By default, the list is sorted by status, then by score, then by frequency, and then in alphabetic order. This sort order means that accepted candidates are listed on top. These are followed by unmodified candidates (with the Candidate status), dropped, and then hidden candidates.
Within the same status, candidates are listed in a descending order by score. If two candidates have the same score (which is almost impossible), they are sorted by frequency (also in a descending order).
The candidates are always sorted by Status first. To change further sorting: click the column header you want to sort by.
Note: The Status field is not clickable. To sort the list by status after you accepted or dropped some candidates: click the Re-sort now link.
In the Candidates section of the Term Extraction ribbon, click Candidate statistics. The Term extraction statistics window opens.
- The Term base matching section shows how many of the candidates have full or partial matches in the term base.
- The Status section shows how many of the candidates you accepted, dropped or hid.
- The Sources and Settings sections show information of the term extraction session.

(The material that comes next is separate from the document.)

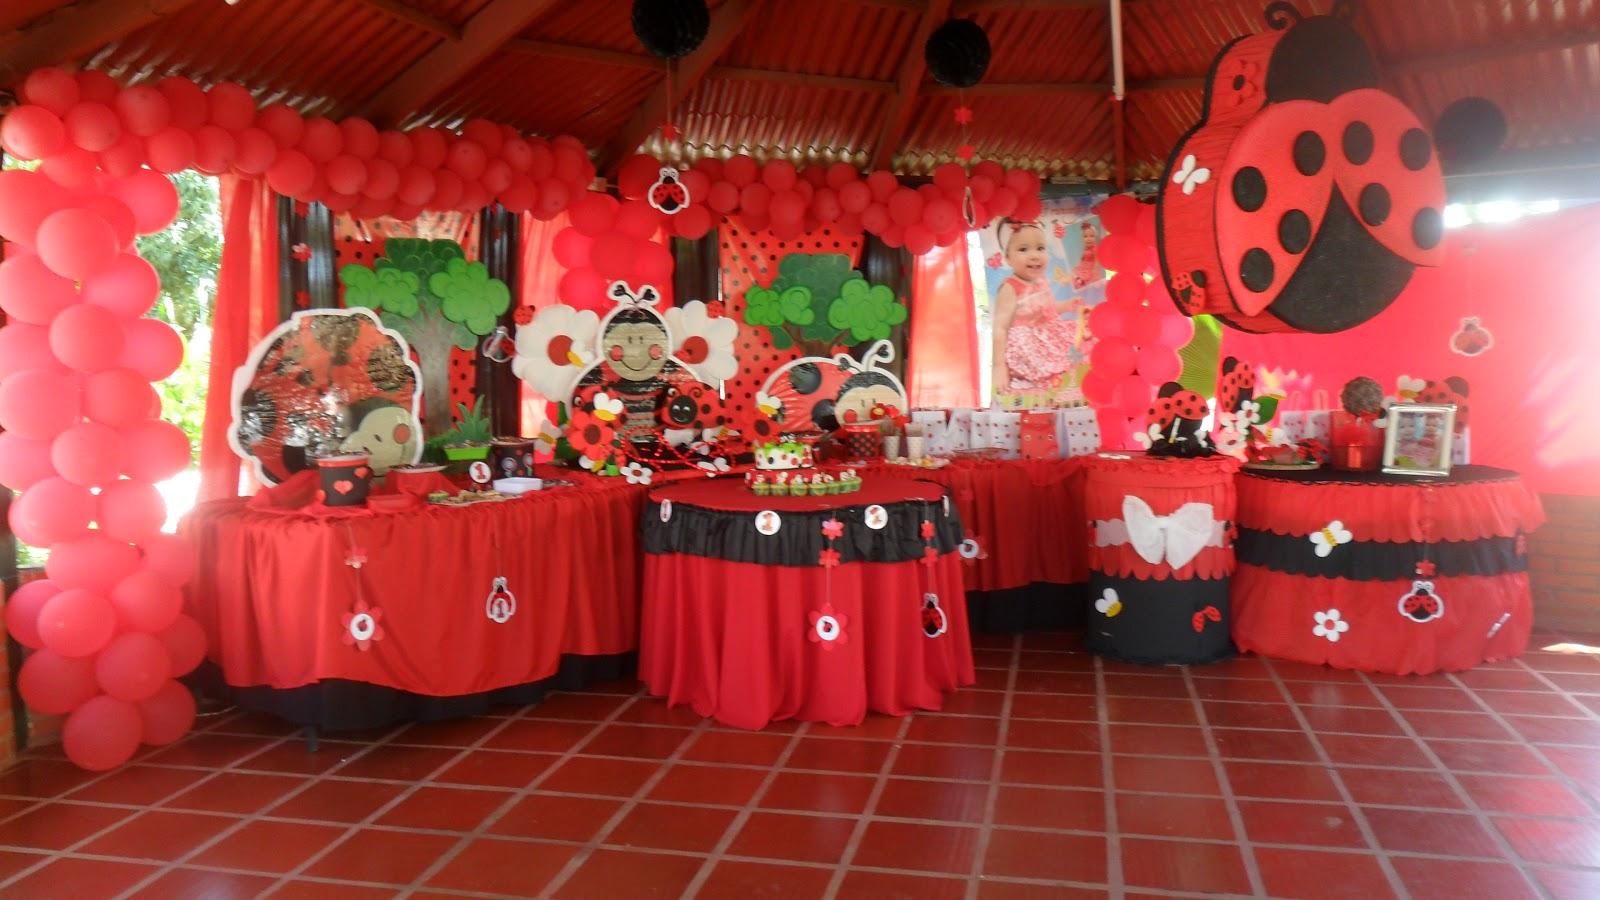 Decoracion de fiestas mariquitas imagui for Decoracion de adornos

To export the statistics report to an HTML file: Click Export.
To close the Term extraction statistics window: Click Close.
You can move around in the candidate list using the down and up arrow keys. You can also use the mouse. If you click a row, that becomes the active one.
- You can use the PageDown and PageUp keys to jump down or up.
- To jump at the end of the list, press Ctrl+End.
- To jump at the beginning of the list, press Ctrl+Home.
- To make the active row stay in the middle of the screen: In the View ribbon's Layout section, click Active row, then choose In the middle.
- To let the active row move freely: In the View ribbon's Layout section, click Active row, then choose Anywhere.
- To jump between candidates of a specific status: In the Term Extraction ribbon's Go to section, choose a status from the dropdown, then click Next or Previous (or press Ctrl+Alt+Down or Ctrl+Alt+Up).
- You can change row height in the candidate list and in the occurrence list by dragging.
-
You can type in both the Source and Target columns. When you edit the term candidate in the Source column, its original form is displayed at the bottom of the cell, with the Original label.
You can select one or more rows:
- Click a row to select it.
- To select multiple rows, click the first one, then press and hold down Ctrl, and click all the others one by one.
- To select a contiguous sequence of rows, click the first one, then press and hold down Shift, then click the last row.
- To select all rows, click Select all rows in the Term section of the ribbon, or press Ctrl+Shift+A. (Ctrl+A selects the source text or the target text in the current row.)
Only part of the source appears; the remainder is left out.